Am Montag bestätigte Volkswagen die Unterzeichnung einer Absichtserklärung über den Verkauf des Werks an das Land Niedersachsen und den israelischen Investor Aurelius Capital.

Der Vereinbarung gingen monatelange „komplizierte“ Verhandlungen voraus, schrieb das israelische Wirtschaftsmagazin „Globes“ am Montag. Eine katarische Investmentgruppe hatte sich gegen eine Zusammenarbeit mit Rafael ausgesprochen. Sie hält 17 Prozent der Stimmrechte an Volkswagen und ist damit der drittgrößte Anteilseigner des Konzerns.

Mit der geplanten Umwidmung des Werks gibt es nach Monaten der Ungewissheit eine Perspektive für die Beschäftigten. Denn nachdem Volkswagen im Dezember 2024 beschloss, die Produktion an diesem Standort auslaufen zu lassen, blieb lange unklar, wie es mit dem Werk weitergehen würde. Das Ende ist für den Sommer 2027 terminiert, dann soll das letzte Fahrzeug vom Band laufen.

Neue Perspektive für den Standort Osnabrück

Seit Montag steht mit Rafael ein möglicher Nachfolger fest. Sollte das israelische Unternehmen dort einziehen, könnten der Region bis zu 1.800 Arbeitsplätze erhalten bleiben. Dabei bildet die Absichtserklärung eine Grundlage für die nächsten Schritte.

Gemeinsam wolle man einen Rahmenplan für die Entwicklung des Standorts Osnabrück ausarbeiten und prüfen, sagte ein Sprecher des israelischen Staatskonzerns. Man werde nun in „detaillierte Verhandlungen“ eintreten.

Niedersachsens Ministerpräsident Olaf Lies (SPD) sprach von einer „echten industriellen Chance“ für sein Bundesland und die Stadt.
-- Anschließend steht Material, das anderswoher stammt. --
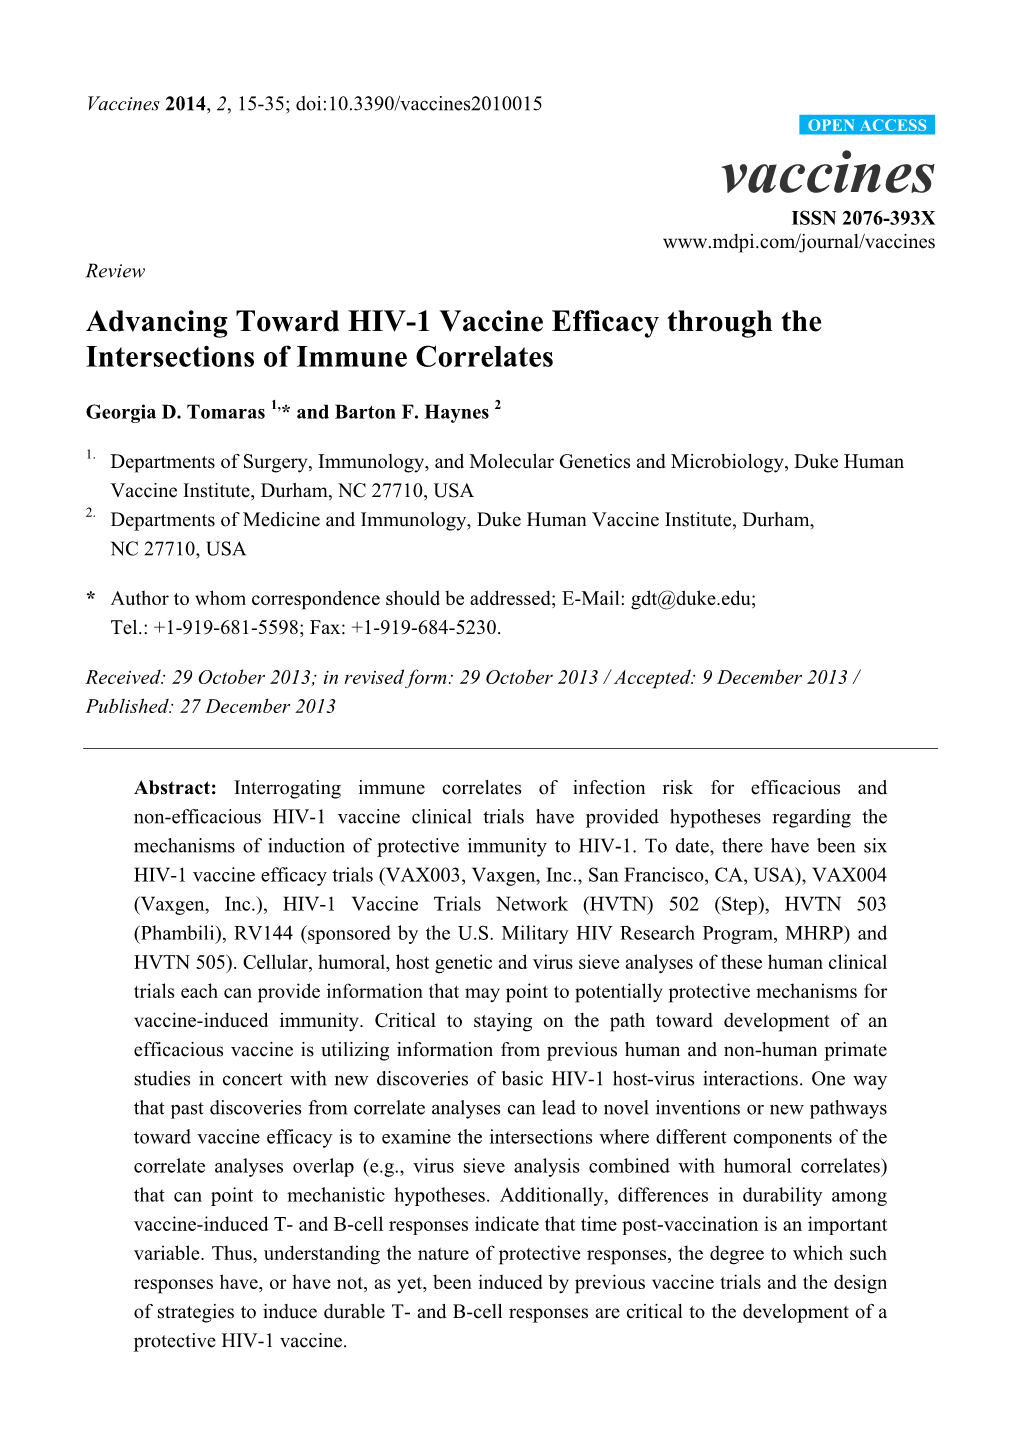 Advancing Toward HIV-1 Vaccine Efficacy Through the Intersections of Immune Correlates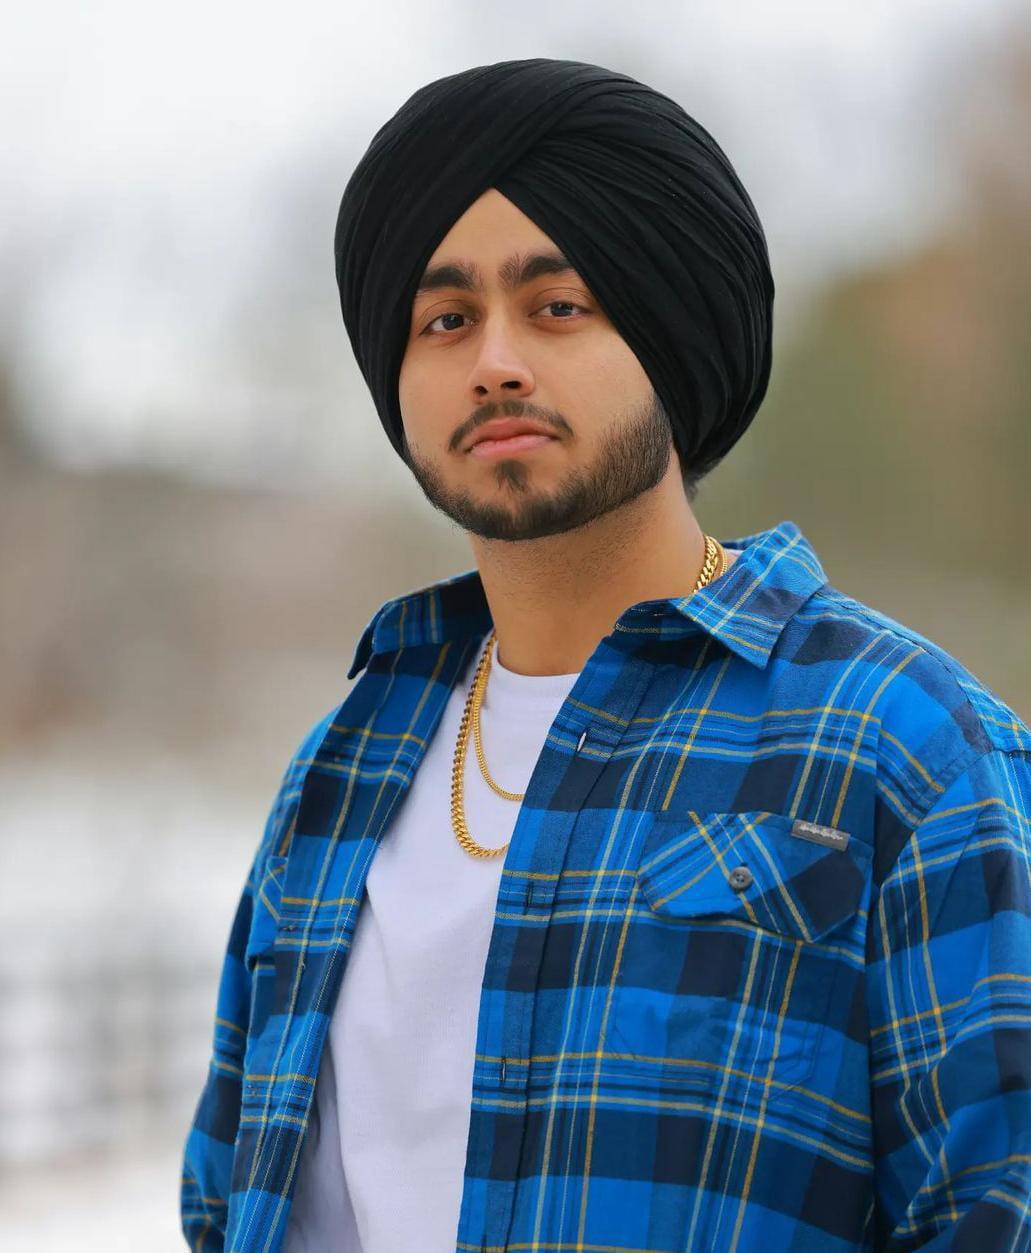 Punjabi-Canadian singer Shubh says 'disheartened by cancellation of India tour, didn't intend to hurt anyone's sentiments'

Osnabrück verfüge über hervorragend ausgebildete Fachkräfte und Erfahrung.

Des Weiteren verwies er auf die geänderte Sicherheitslage in Europa und erklärte: „Deutschland und Europa müssen ihre Fähigkeiten stärken und unabhängiger werden. Niedersachsen will dazu beitragen, dass daraus Wertschöpfung und sichere Beschäftigung entstehen. Osnabrück kann dabei eine wichtige Rolle übernehmen.“

Rafael-Chef Joav Turgeman sagte, mit der Vereinbarung sei die Grundlage für eine langfristige Partnerschaft mit Deutschland gelegt. Die israelische Technologie werde dazu beitragen, die Sicherheit in Deutschland und Europa zu stärken. (mw)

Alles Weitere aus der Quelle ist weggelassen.